Information shown:
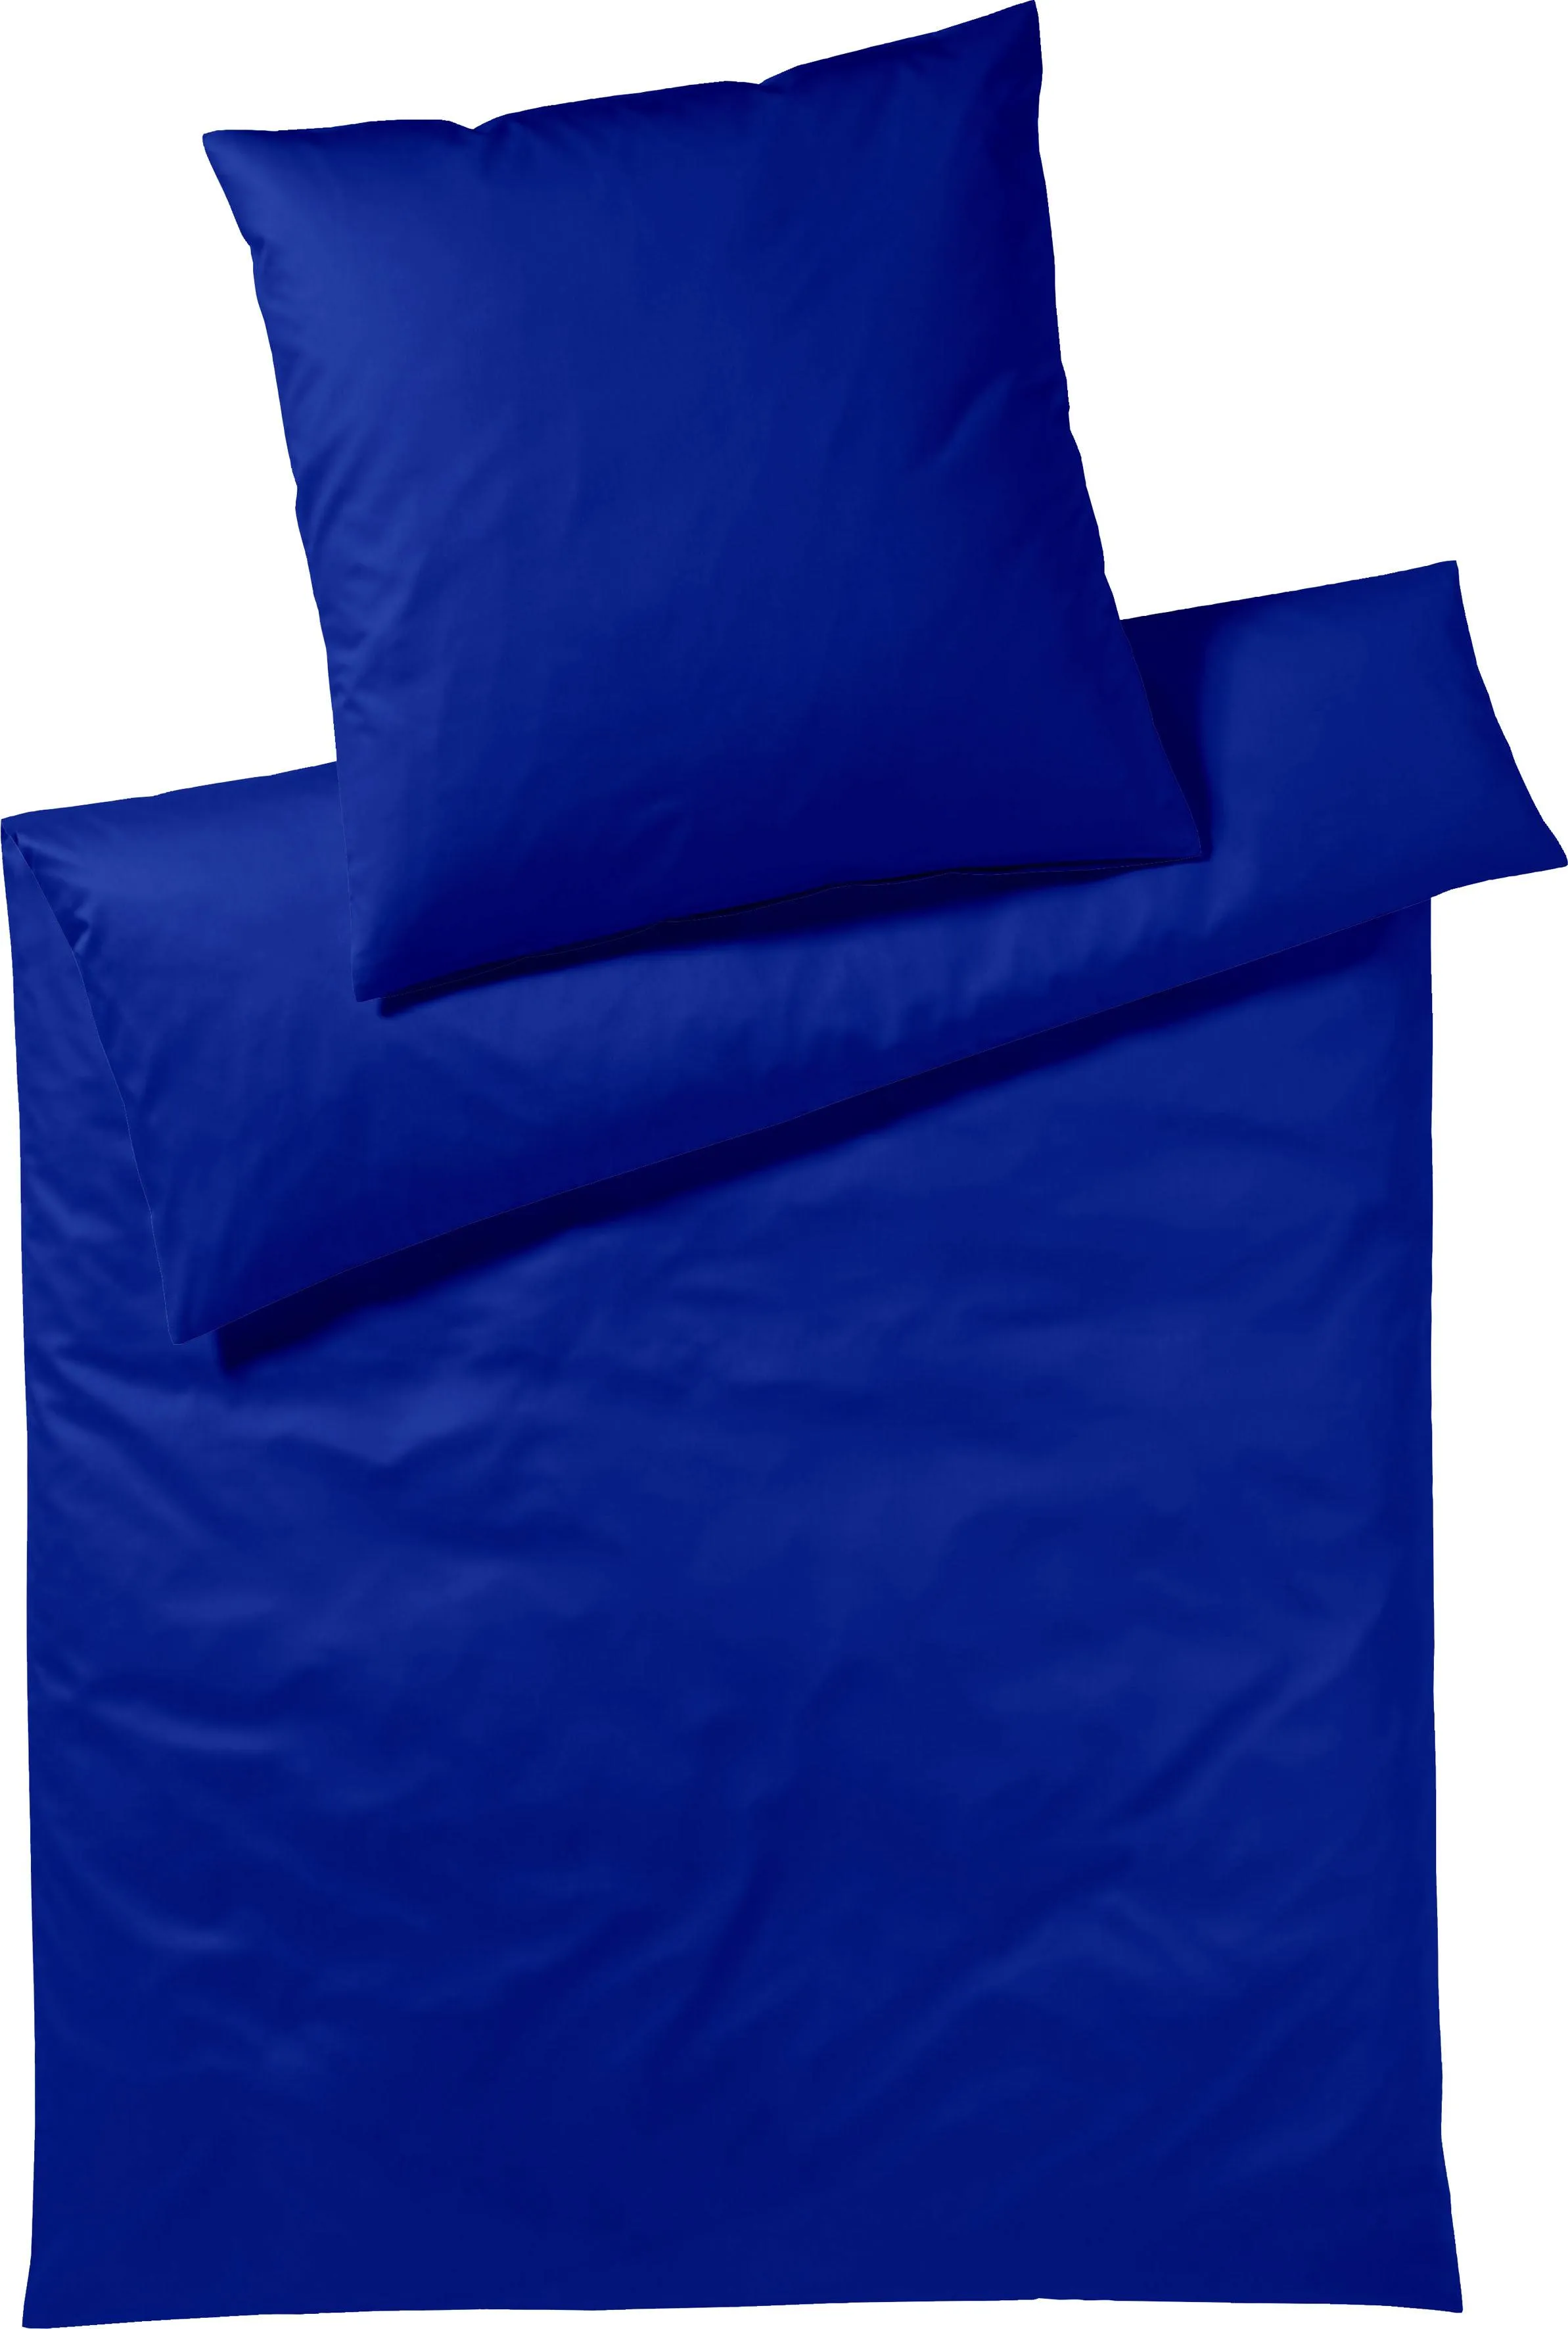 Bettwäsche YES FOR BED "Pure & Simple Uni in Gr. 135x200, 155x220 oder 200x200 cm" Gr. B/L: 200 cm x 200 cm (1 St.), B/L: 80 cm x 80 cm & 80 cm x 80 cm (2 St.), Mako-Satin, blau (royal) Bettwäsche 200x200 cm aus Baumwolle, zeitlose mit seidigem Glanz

---

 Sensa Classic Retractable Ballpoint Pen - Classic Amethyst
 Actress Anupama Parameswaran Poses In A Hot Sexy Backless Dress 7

---

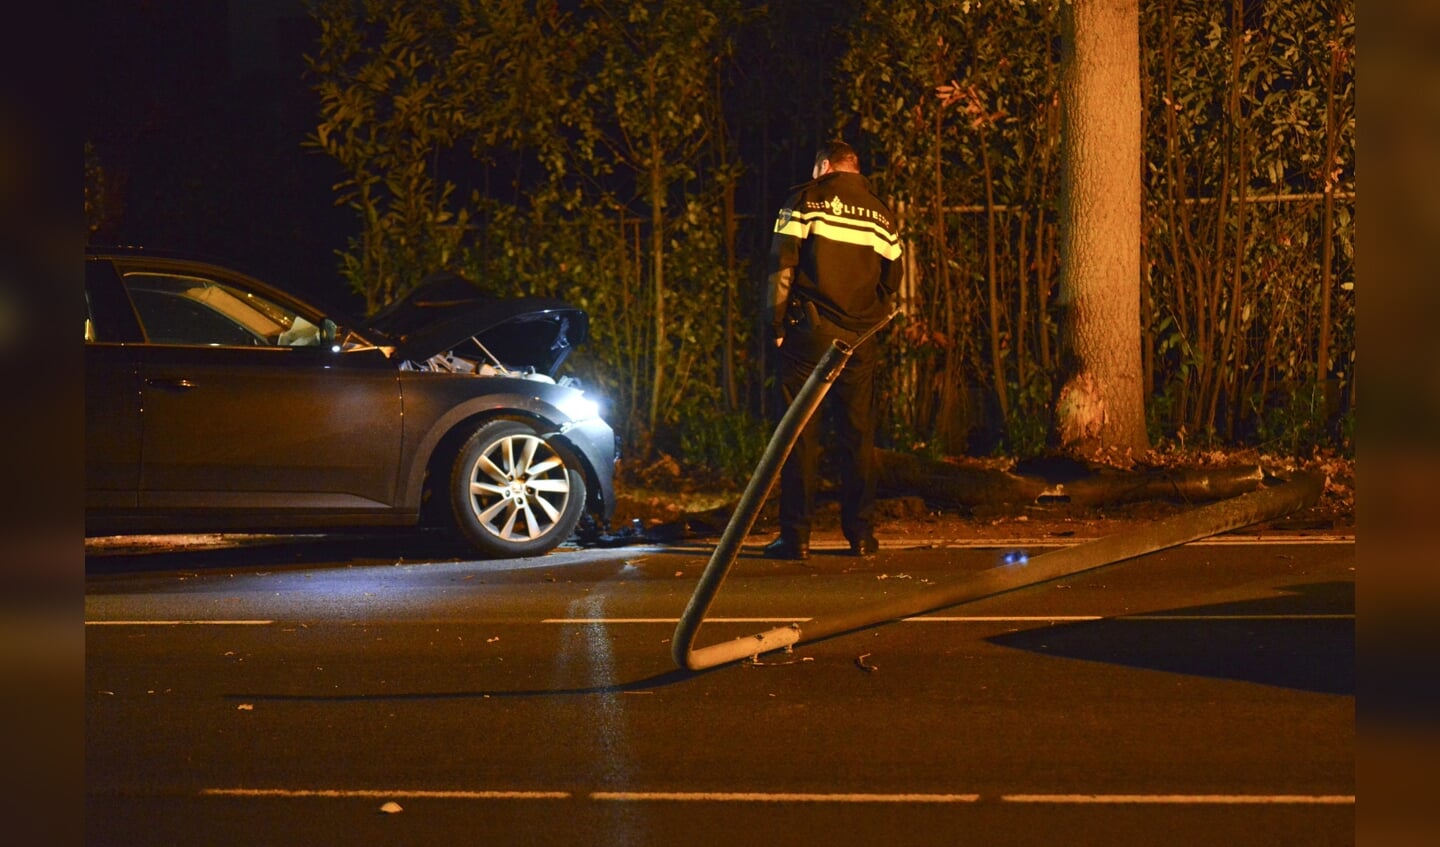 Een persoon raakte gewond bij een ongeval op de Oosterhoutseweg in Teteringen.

Task details: Transcribe, exactly and without additions, the lines of the records above, beginning with the line that contains "Sensa Classic Retractable" and ending with the line that contains "Actress Anupama Parameswaran", both included.

Output:
 Sensa Classic Retractable Ballpoint Pen - Classic Amethyst
 Actress Anupama Parameswaran Poses In A Hot Sexy Backless Dress 7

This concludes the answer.